Chandler also maintains that he should have received a directed verdict on the contract count, since he was acting only as an agent. He claims to fall within the rule of Alabama Traction Co. v. Selma Trust & Savings Bank, 217 Ala. 653, 117 So. 19 (1928), and Gillis v. White, 214 Ala. 22, 106 So. 166 (1925):

"An agent whose status is understood by the other contracting party, and who has authority to bind his principal, does not bind himself as obligor." 217 Ala. at 656, 117 So. at 21.

However, we cannot say that, in light of more recent decisions, the trial court erred in refusing to direct a verdict in favor of Chandler individually as to the contract count. In Sealy v. McElroy, 288 Ala. 93, 257 So.2d 340 (1972), an agent and his principal were both sued on a breach of warranty claim for false representations made by the agent. The representations made were similar to those involved in the case before us: the agent stated that the house in question was a good house, made of good materials and was of good workmanship, and that the principal would "stand behind" the house. The supreme court held that a judgment against the agent was contrary to law and that only the principal should be held accountable, since the representations made concerning the house were made on behalf of the principal and there was no evidence that the agent intended to bind himself personally on the warranty. The court stated:

"An agent is presumed to intend to bind his principal only and to incur no personal liability and unless an intention to substitute or superadd his personal liability for or to that of his principal is clearly shown, he will not be bound in his individual capacity." 288 Ala. at 104, 257 So.2d at 350.

In the case at bar there was conflicting evidence whether Mr. Chandler intended to bind himself personally on the warranty. He denied that allegation, but Mrs. Hunter testified that Chandler said he personally backed the mobile homes which he sold. Therefore, the question properly was sent to the jury for resolution. We think the trial court would have erred had it granted Chandler's motion for directed verdict on the contract claim. A directed verdict under Rule 50 should not be granted if there is any conflict in the evidence for the jury to resolve. McLarty v. Wright, 56 Ala.App. 346, 321 So.2d 687 (1975).

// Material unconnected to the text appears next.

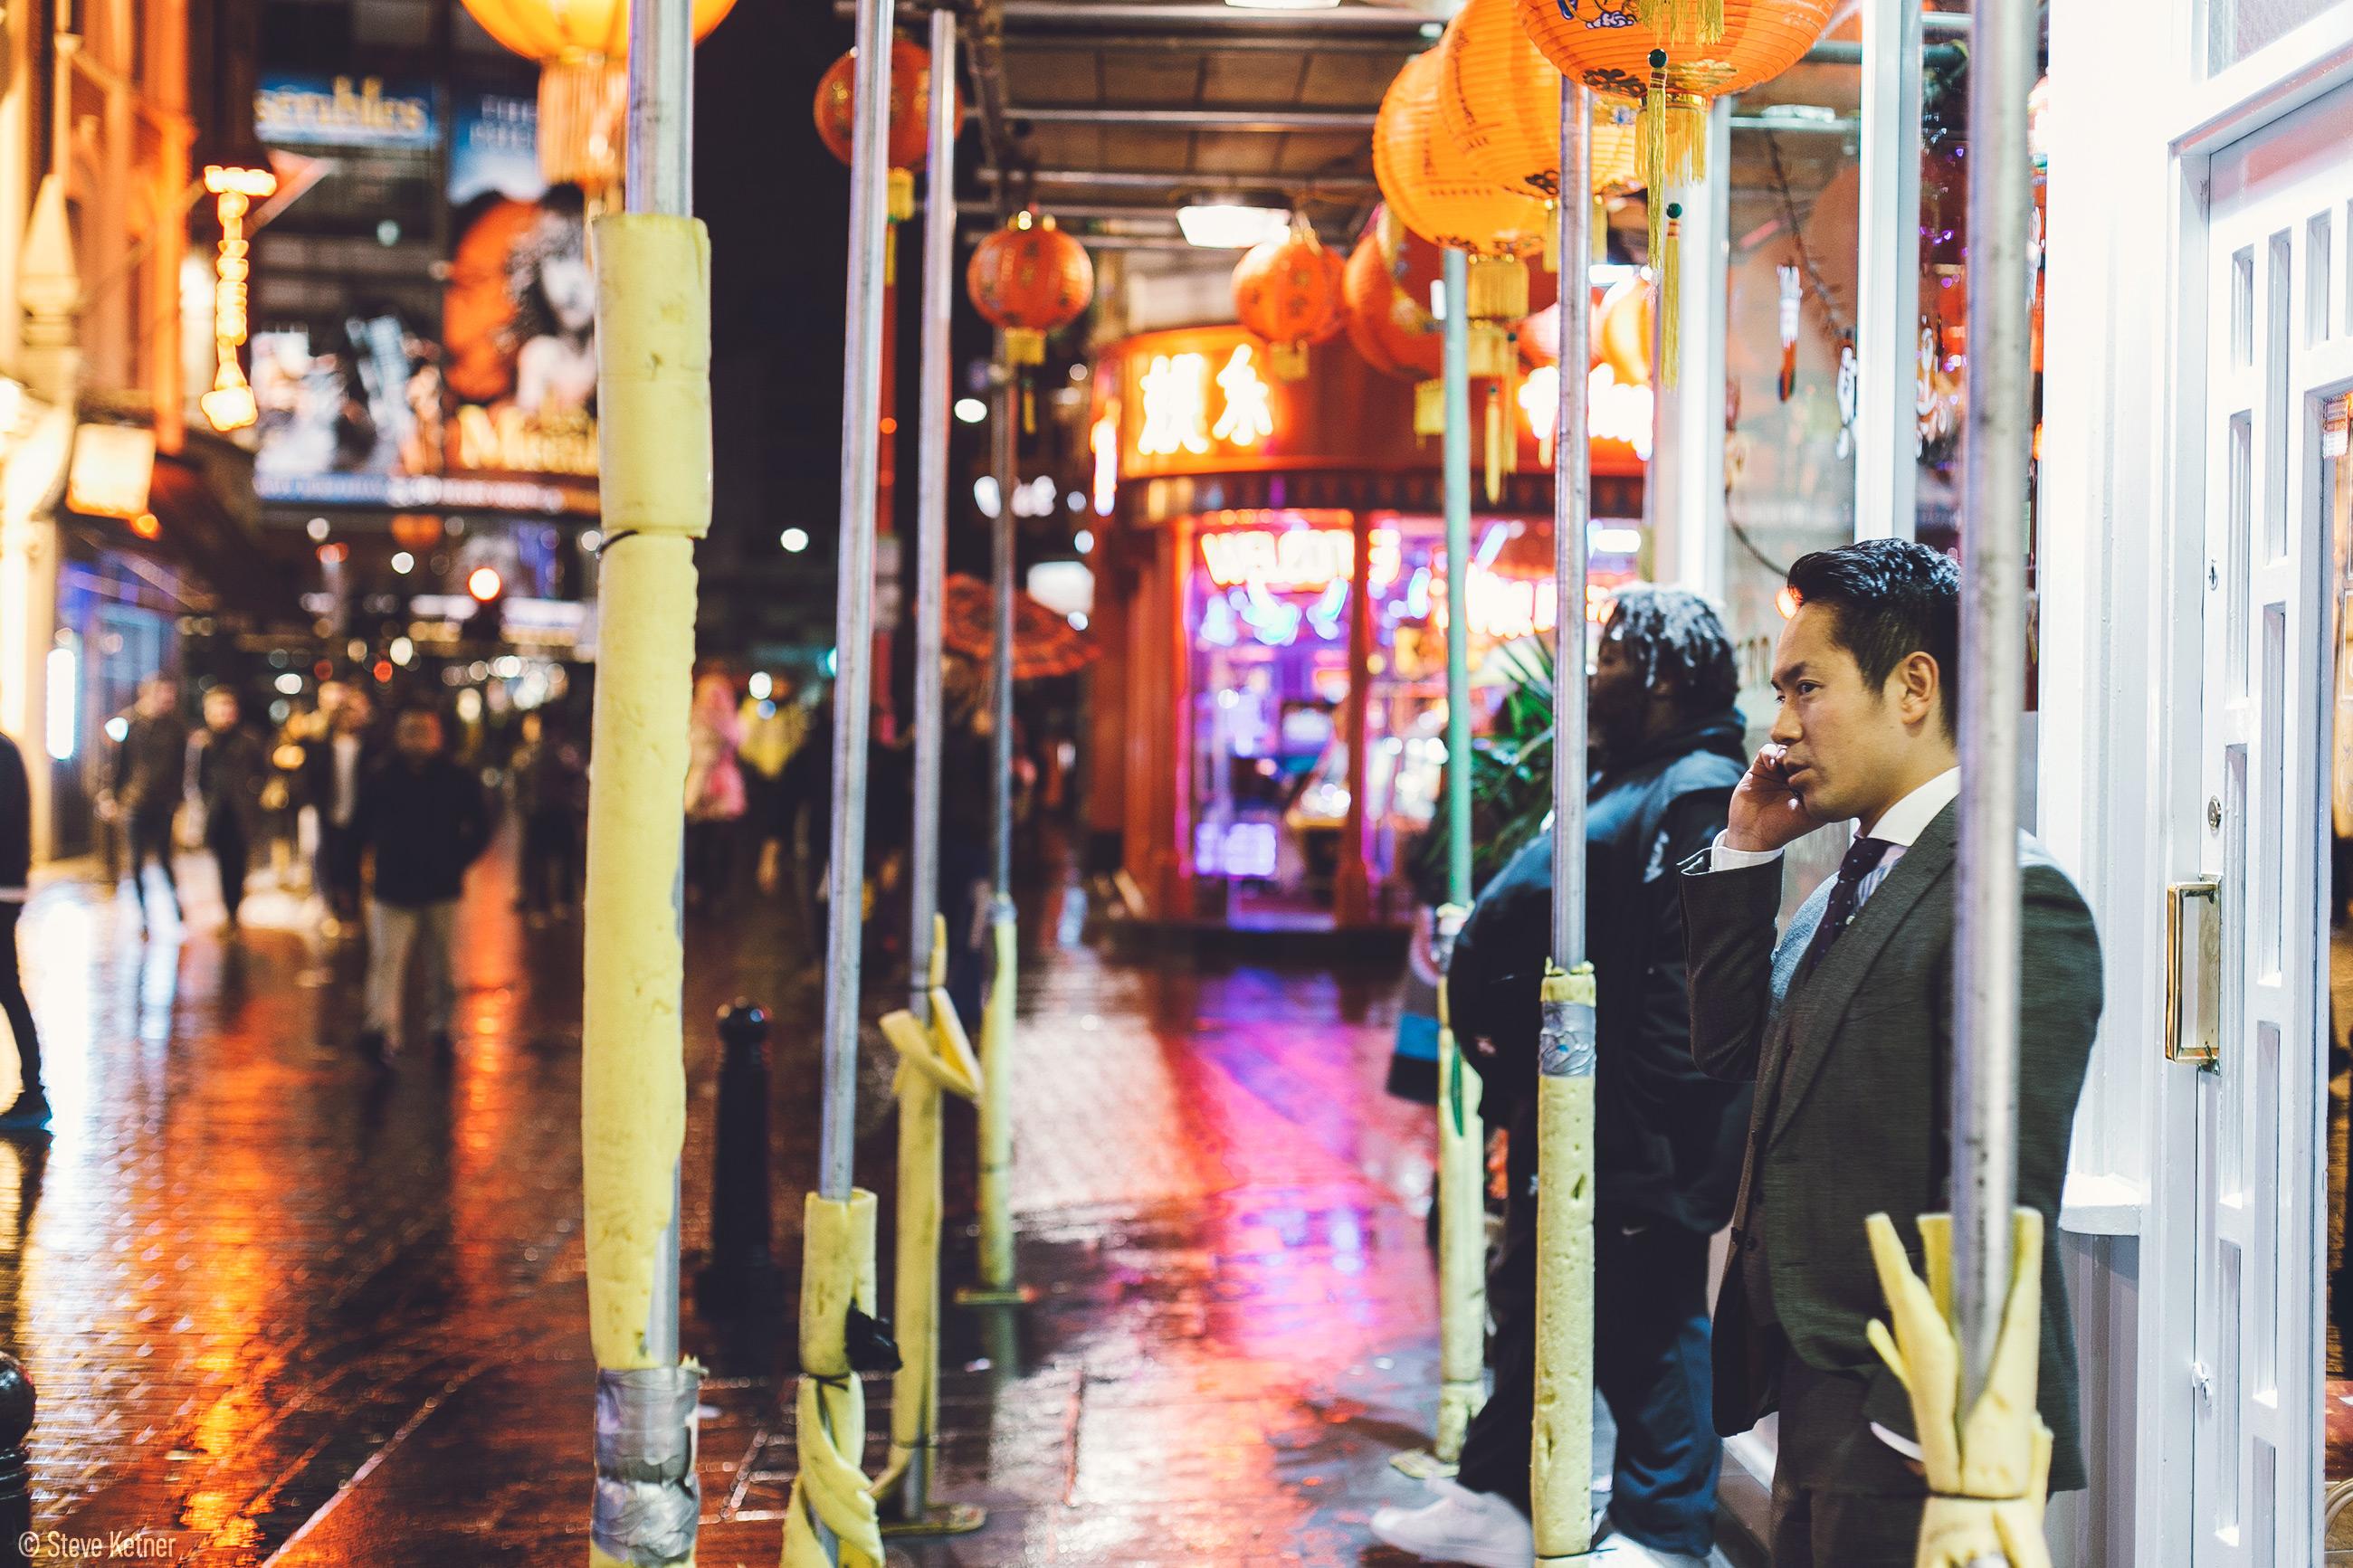 Steve Ketner - Chinatown, London

The final issue raised by Chandler is that the trial court erred in refusing to give certain written charges requested by the defendants. Rule 51, ARCP, requires:

"No party may assign as error the giving or failing to give a written instruction. . . unless he objects thereto before the jury retires to consider its verdict, stating the matter to which he objects and the grounds of his objection."

Nowhere in the record does it appear that counsel for Mr. Chandler objected to the court's failure to give the requested written instructions listed in the stated assignments of error. Thus, Mr. Chandler may not raise that issue on appeal.


WRIGHT, P. J., and HOLMES, J., concur.